Last Updated 3 December 2019
This tutorial shows how to build Apache Zeppelin with Kotlin support from sources and run it on a Spark Cluster.

Running Apache Zeppelin with Kotlin interpreter on Apache Spark cluster

Currently, the latest release of Zeppelin (0.8.2) doesn’t come with bundled Kotlin interpreter. Anyway, it’s already available in the master branch of Zeppelin. Thus, to add Kotlin support to Zeppelin, build your own version from the sources.

Here we'll learn how to run Zeppelin with Kotlin support on an Apache Spark cluster. The instruction for running Zeppelin locally is available here.

Prerequisites

To build a custom version of Zeppelin, you will need:

Spark version

The Kotlin interpreter supports only Spark versions above 2.4. Zeppelin builds with Spark 2.2 support by default, so don't forget to specify the suitable profile for build.

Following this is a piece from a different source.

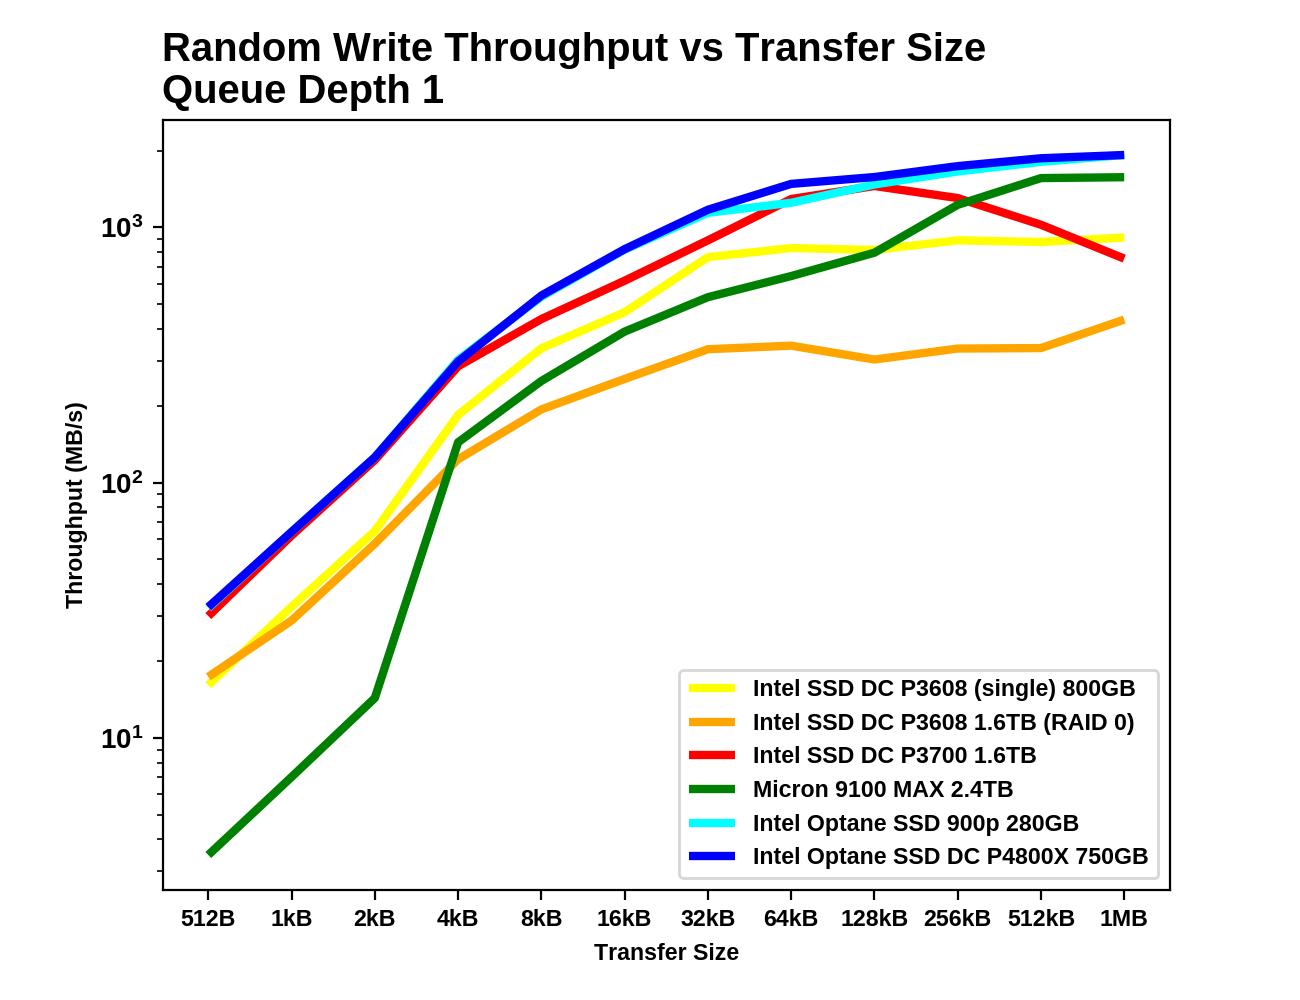 Performance VS Transfer Size - Intel Optane SSD DC P4800X
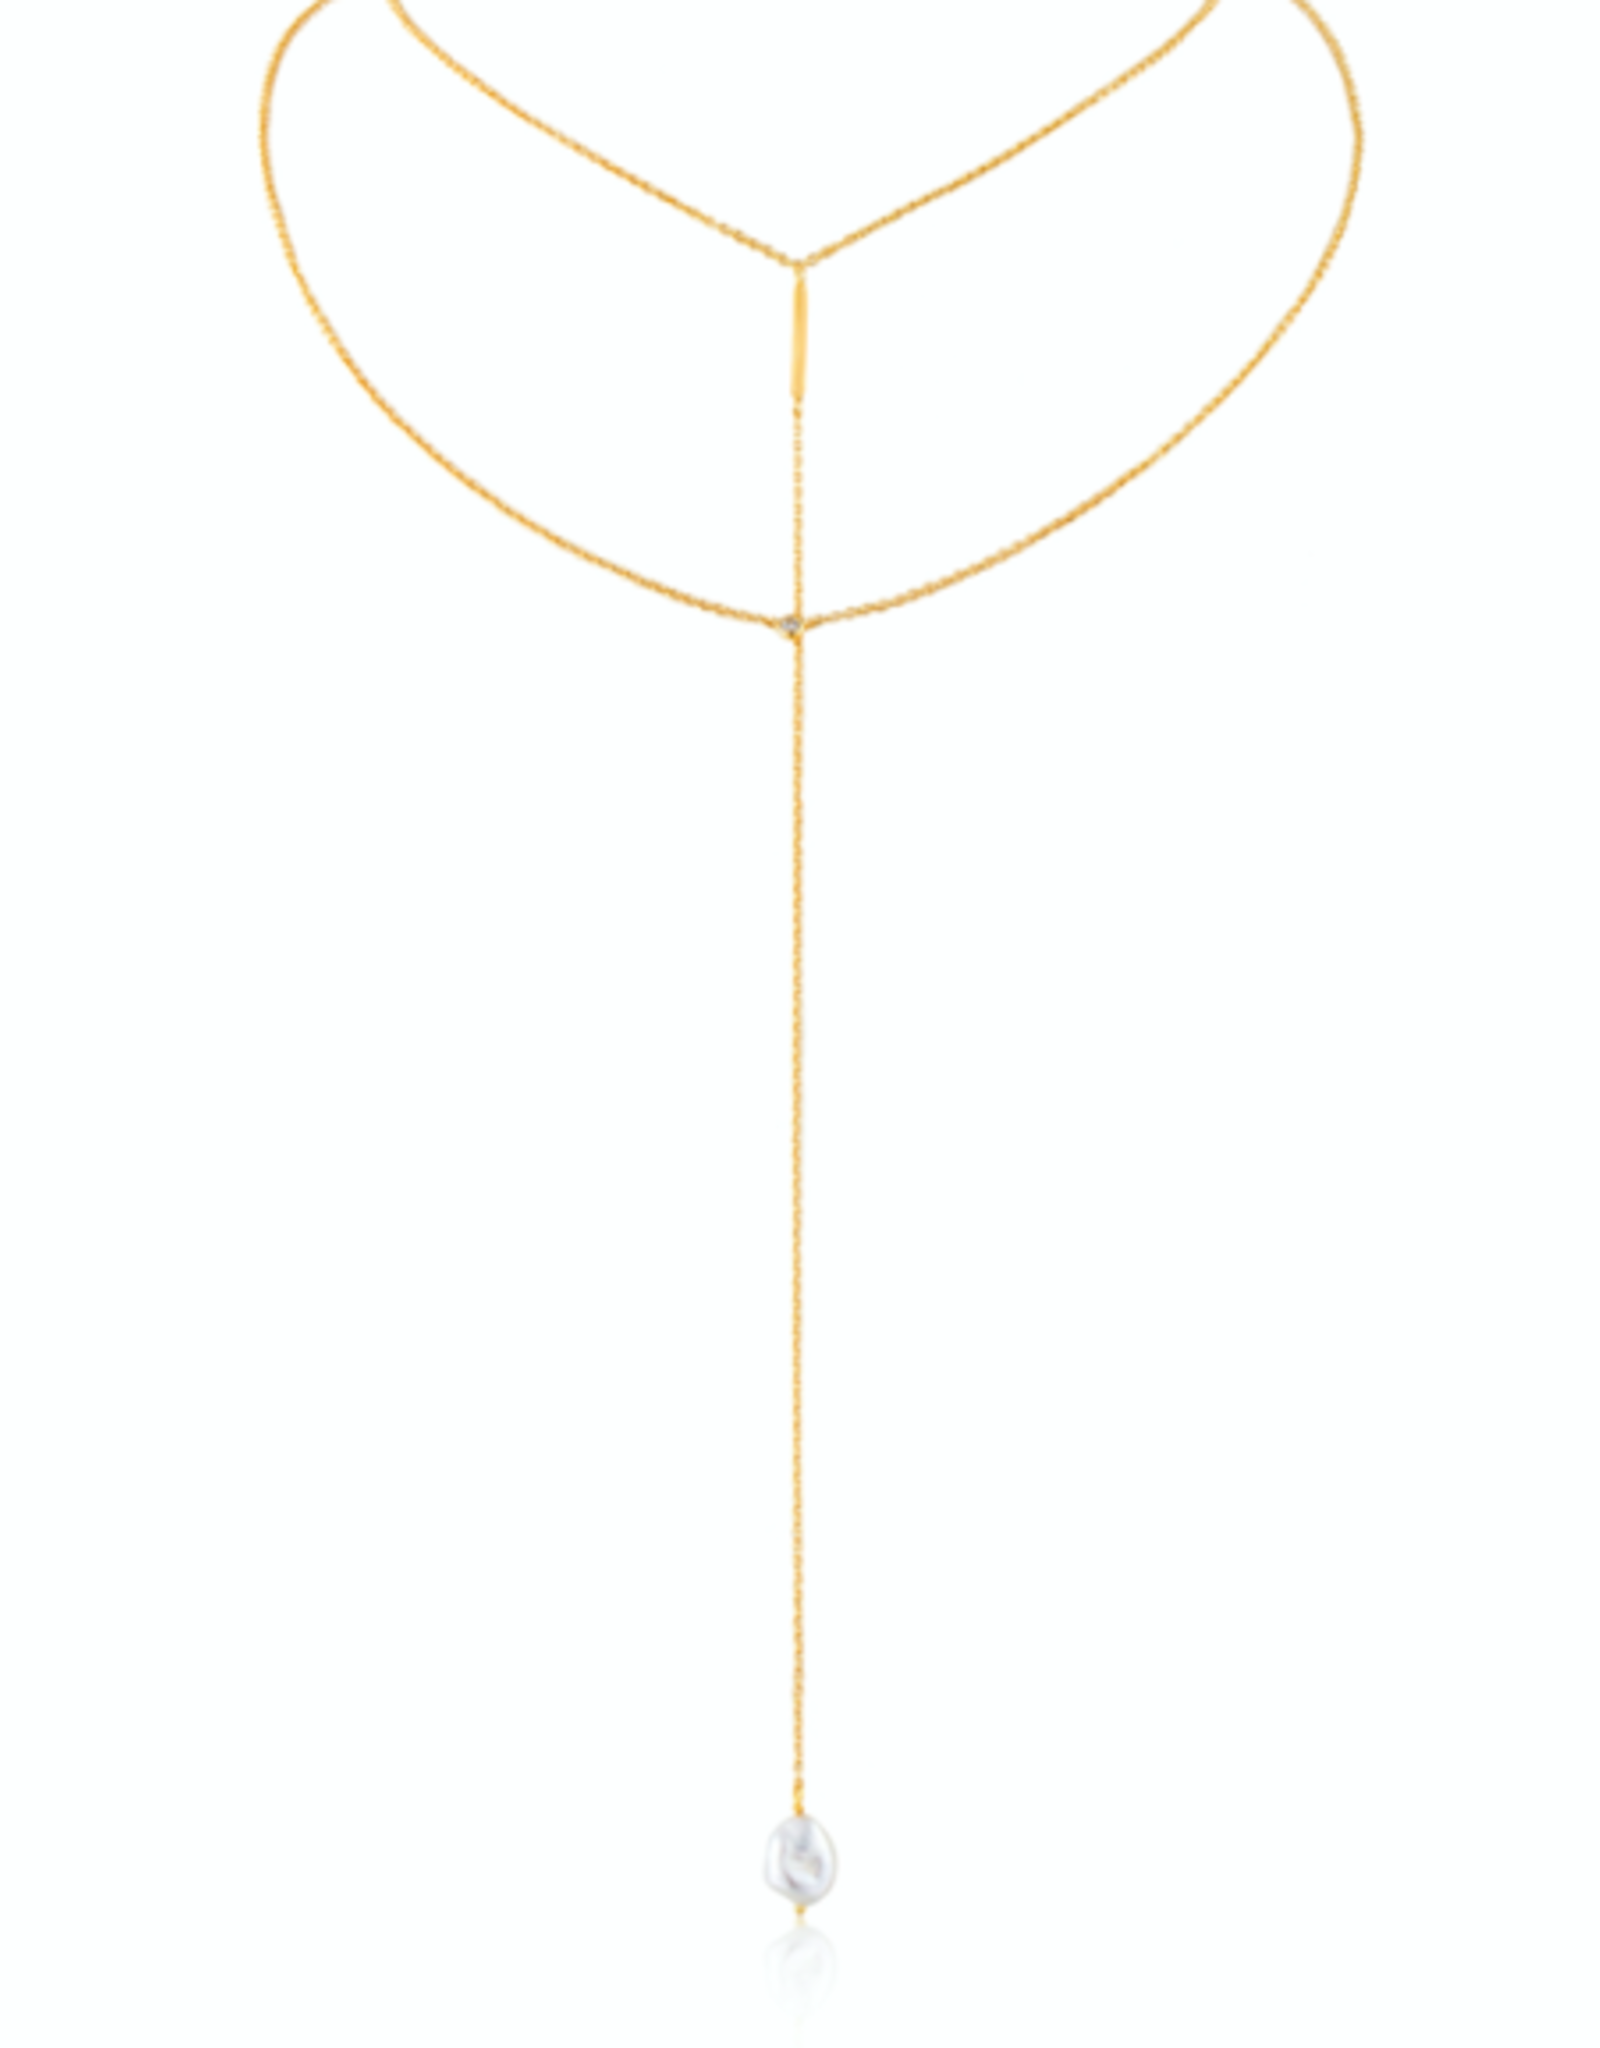 Ania Haie Ania Haie - pearl y necklace gold

Building and running Zeppelin on a Spark Cluster

Te below instruction explains how to build and run Apache Zeppelin on a Spark Cluster in Amazon EMR.

After getting an access to cluster creation in AWS Console, do the following:

  1. Create a new cluster.

  2. Specify the cluster options. Don't forget that the Spark version should be 2.4 or above.

  3. Connect to newly created cluster via ssh.

  4. Install prerequisites:
    sudo yum -y maven git npm fontconfig freetype freetype-devel fontconfig-devel libstdc++ R
    
  5. Clone the Zeppelin repository. We recommend cloning to /mntsince it generally has more free space.

    git clone --depth=1 git@github.com:apache/zeppelin.git
    

    or

    git clone --depth=1 https://github.com/apache/zeppelin.git
    
  6. Build Zeppelin using the following command:

    mvn clean package -DskipTests -Pspark-2.4 -Pscala-2.11
    
  7. Newly built Zeppelin distributive will be appear in zeppelin-distribution/target. Unpack it into /mnt/distr using tar.

  8. Remove conf and local-repo directories (if any of them exist) from the unpacked folder.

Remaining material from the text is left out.